Home Page: http://lolaweb.databio.org/

R 72.37% CSS 1.63% Shell 0.49% HTML 24.63% Dockerfile 0.88%
shiny-server r docker docker-swarm

lolaweb's Introduction

LOLAweb

Docker Image CI

LOLAweb is a web server and interactive results viewer for enrichment of overlap between a query region set (a bed file) and a database of region sets. It provides an interactive result explorer to visualize the highest ranked enrichments from the database. You can access the web server at http://lolaweb.databio.org.

This repository contain the shiny app source code and Docker implementation for LOLAweb.

Shiny app

LOLAweb is implemented as an interactive Shiny app. You can run this app locally by following the instructions in the appfolder.

Docker

The ghcr.io/databio/lolaweb container is based on the ghcr.io/databio/shinybase container, which you can find in its GitHub repository or in the GitHub Container Registry.

build the container image yourself

  1. Clone this repository
  2. Build locally using Docker. Run this command from the same directory as the Dockerfile.

docker build --no-cache -t lolaweb .

Or pull the container image:

docker pull ghcr.io/databio/lolaweb

The container image itself is hosted in the GitHub Container Registry: https://github.com/databio/LOLAweb/pkgs/container/lolaweb

Container volumes and reference data

LOLAweb needs access to a few folders where it can store results or logs, or access necessary files like the database. To handle this, we've set up the app to look for two shell environment variables:

  • $LWREF, for LOLAweb reference data, which may be read-only
  • $LWLOCAL, where local results can be written.

To run the LOLAweb container (locally or on a server), you need to set these environment variables (for example, in your .bashrc or .profile file. These variables will be injected into the container when it is run.

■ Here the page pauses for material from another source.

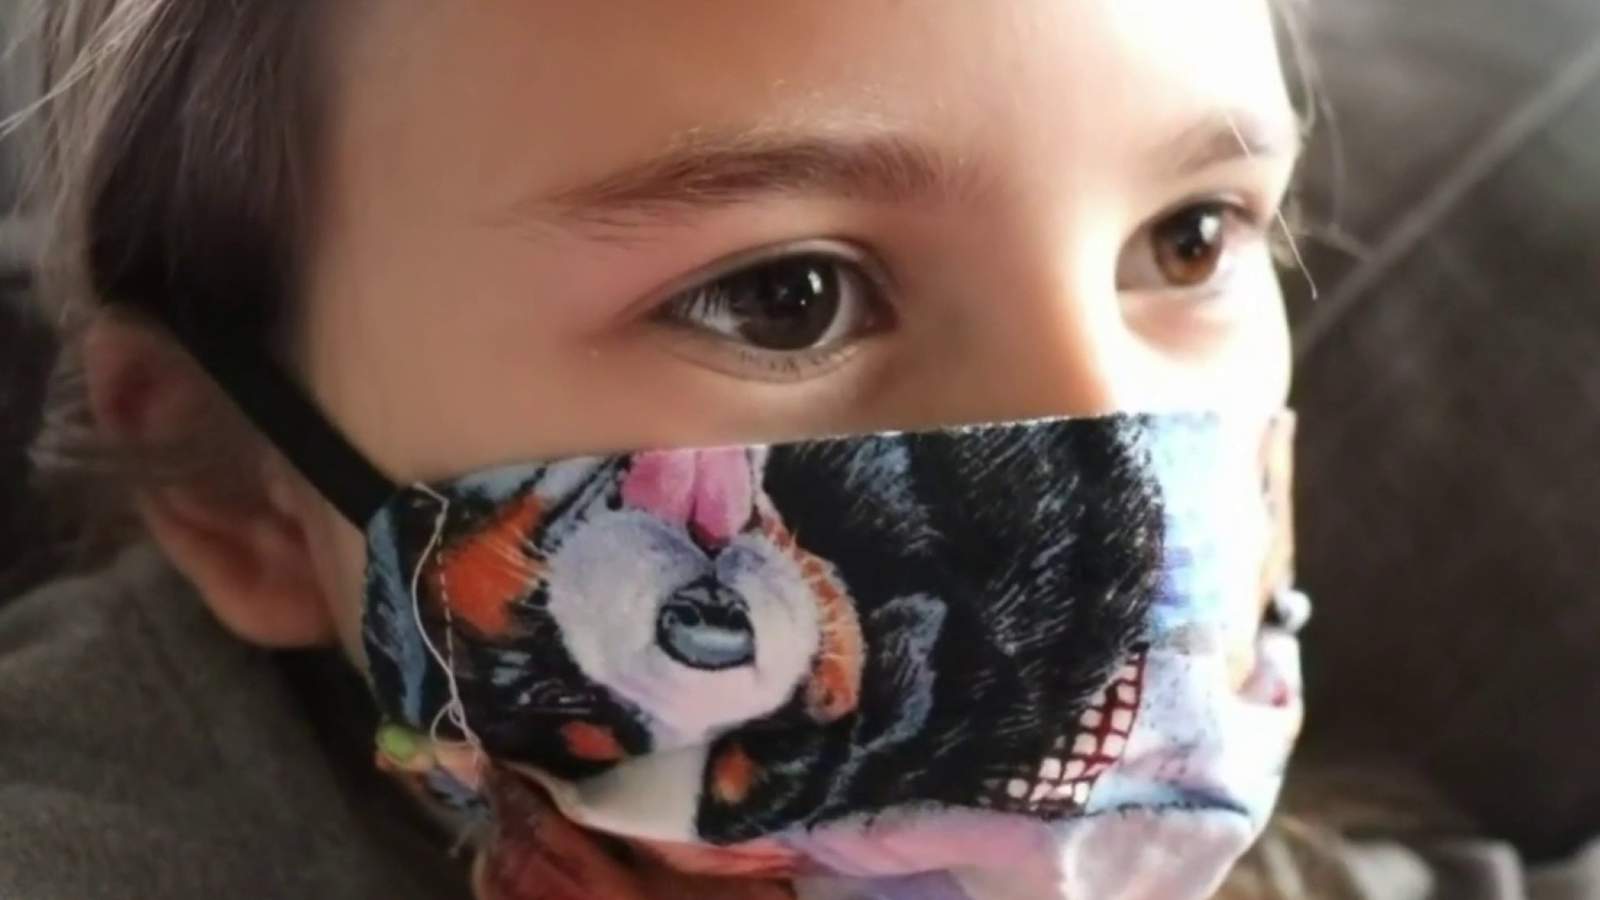 How to help you children feel more comfortable wearing a mask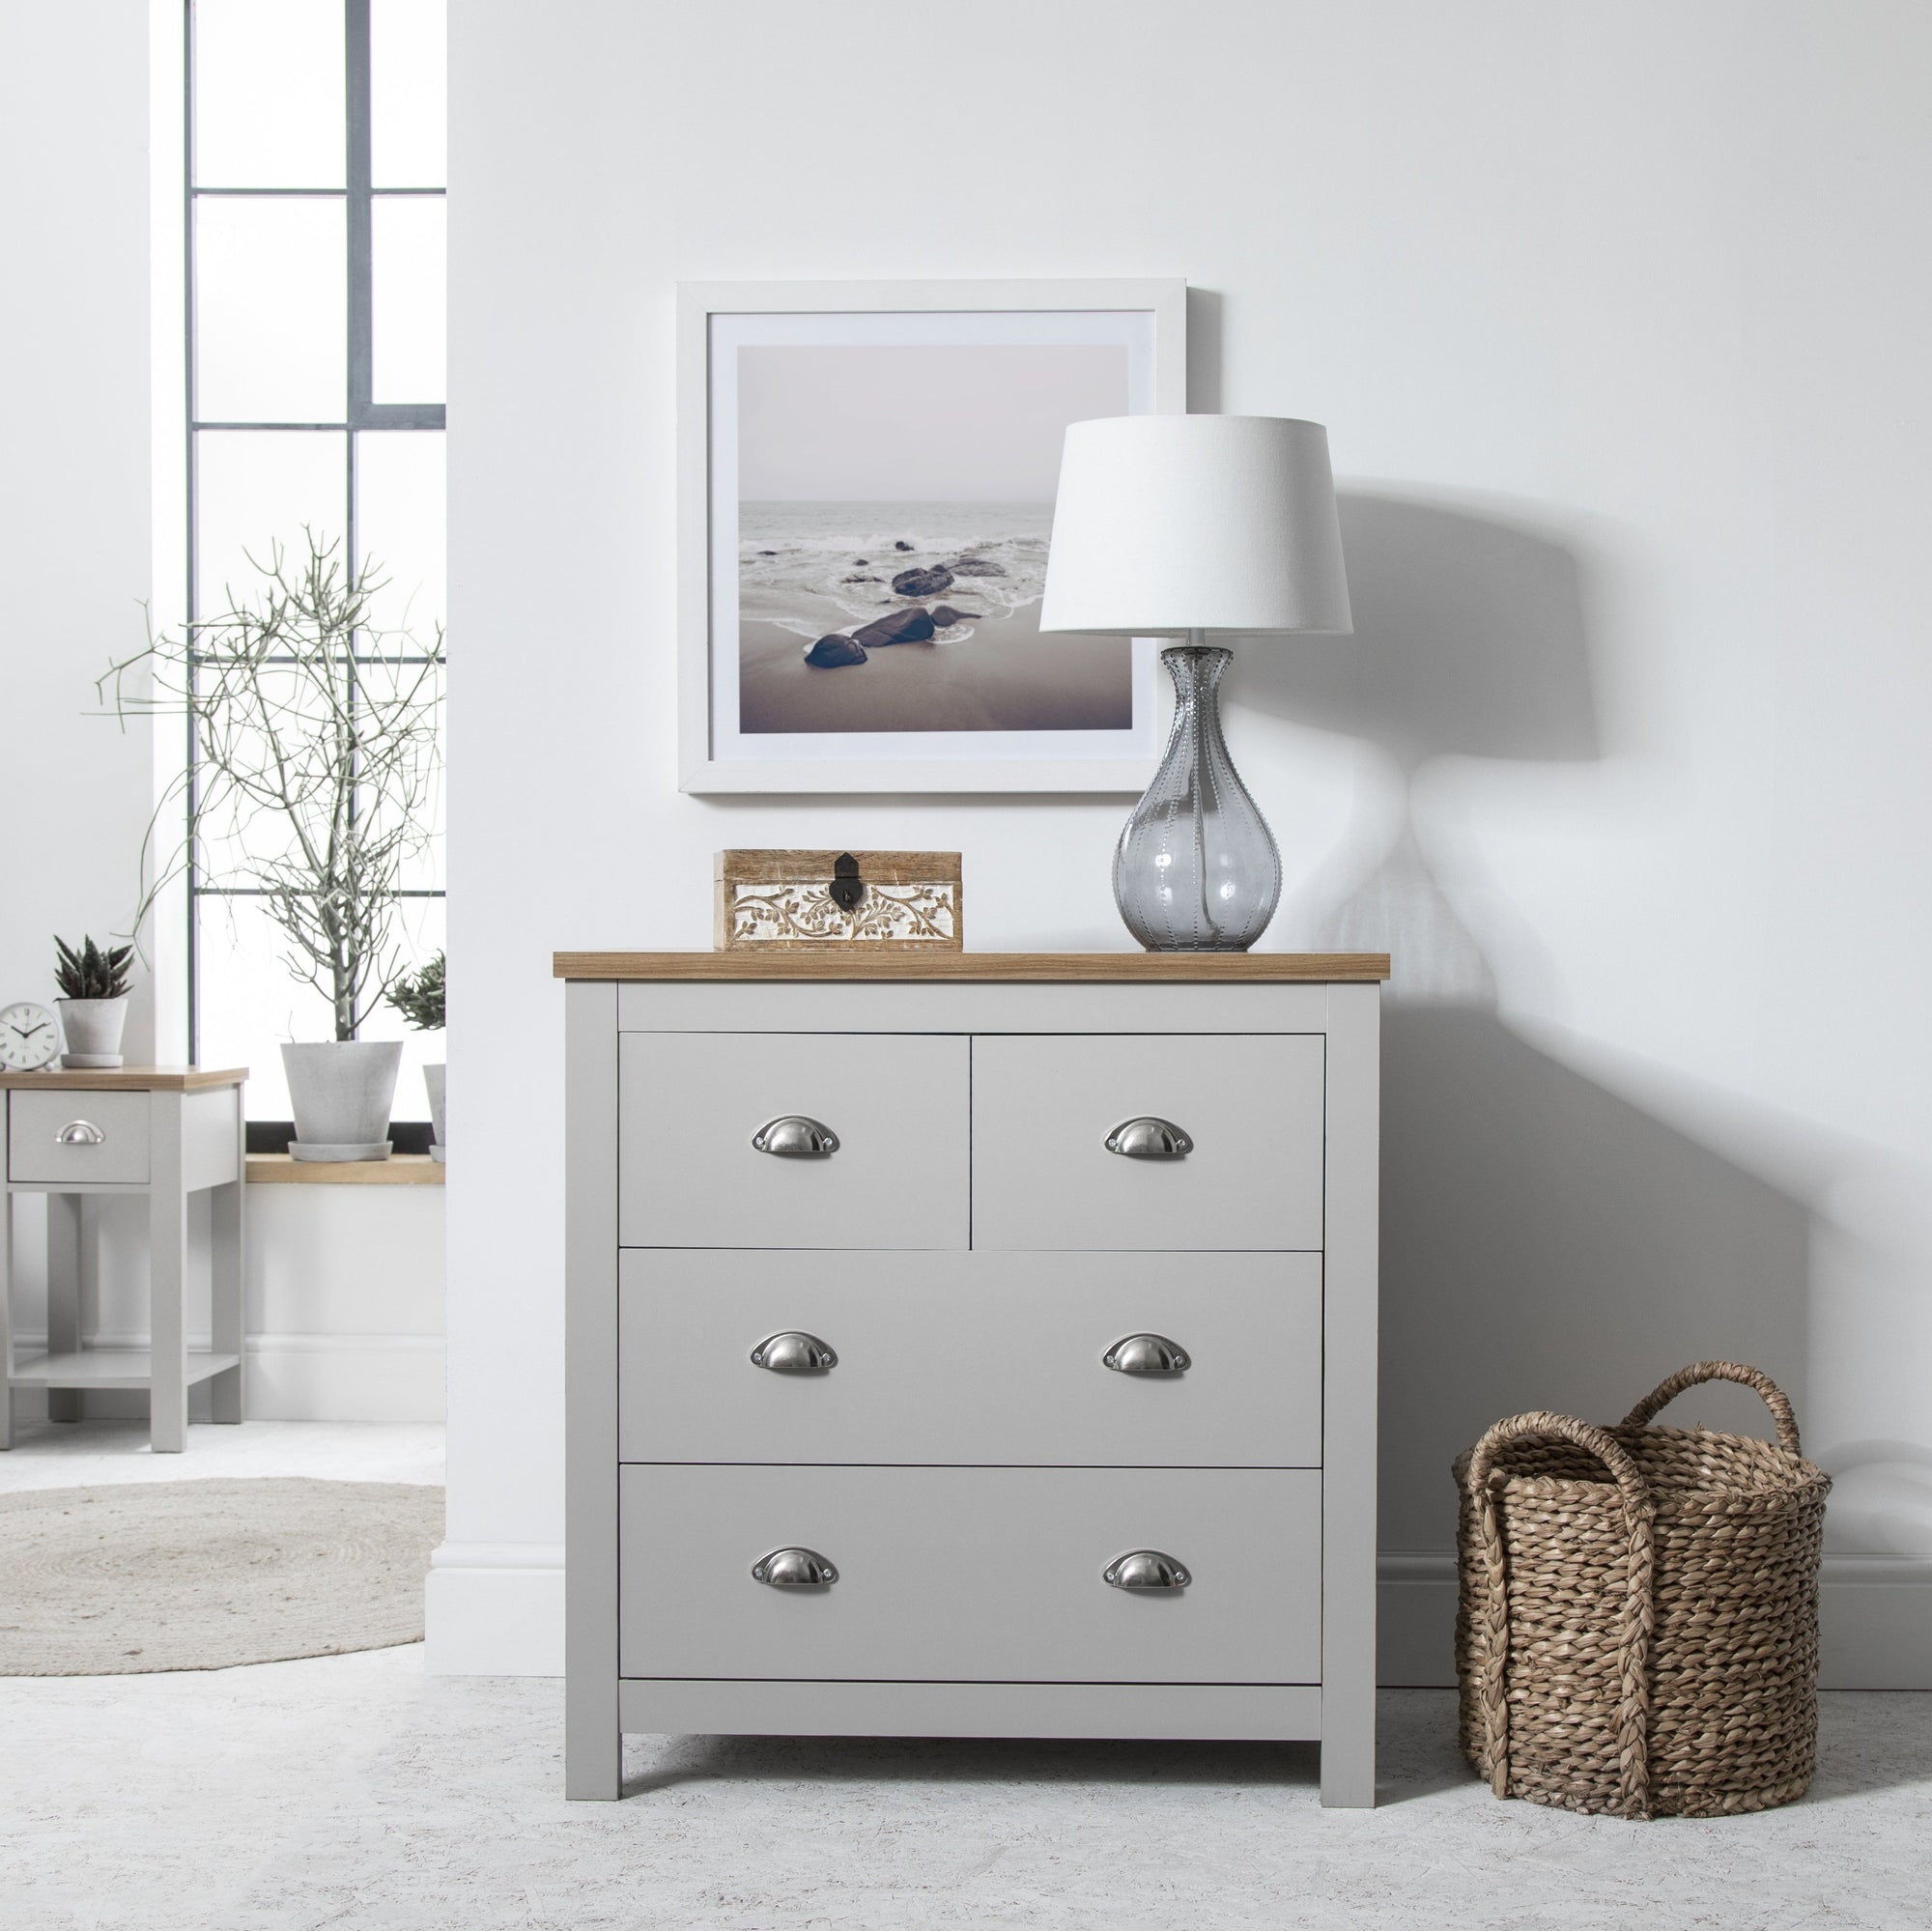 Bampton chest of drawers - 2 over 2 - grey

For example, set these variables to two different paths if you like. Or if you keep all five subfolders together in the same path, set these variables to the same value.

# Example locations. Set to match your environment
export LWREF='/home/subdir/lola/'
export LWLOCAL='/var/things/loladata/'

LOLAweb will look at the value in $LWREF for the reference data. This folder should have subfolders called databases, universes, and examples. In each of these subfolders are another layer of subfolders for genome assemblies

LOLAweb looks for $LWLOCAL to have two subfolders: cache, and shinylogs. This is where the app will write results and log files. If running LOLAweb on a server, be sure these directories are writeable by the Docker process.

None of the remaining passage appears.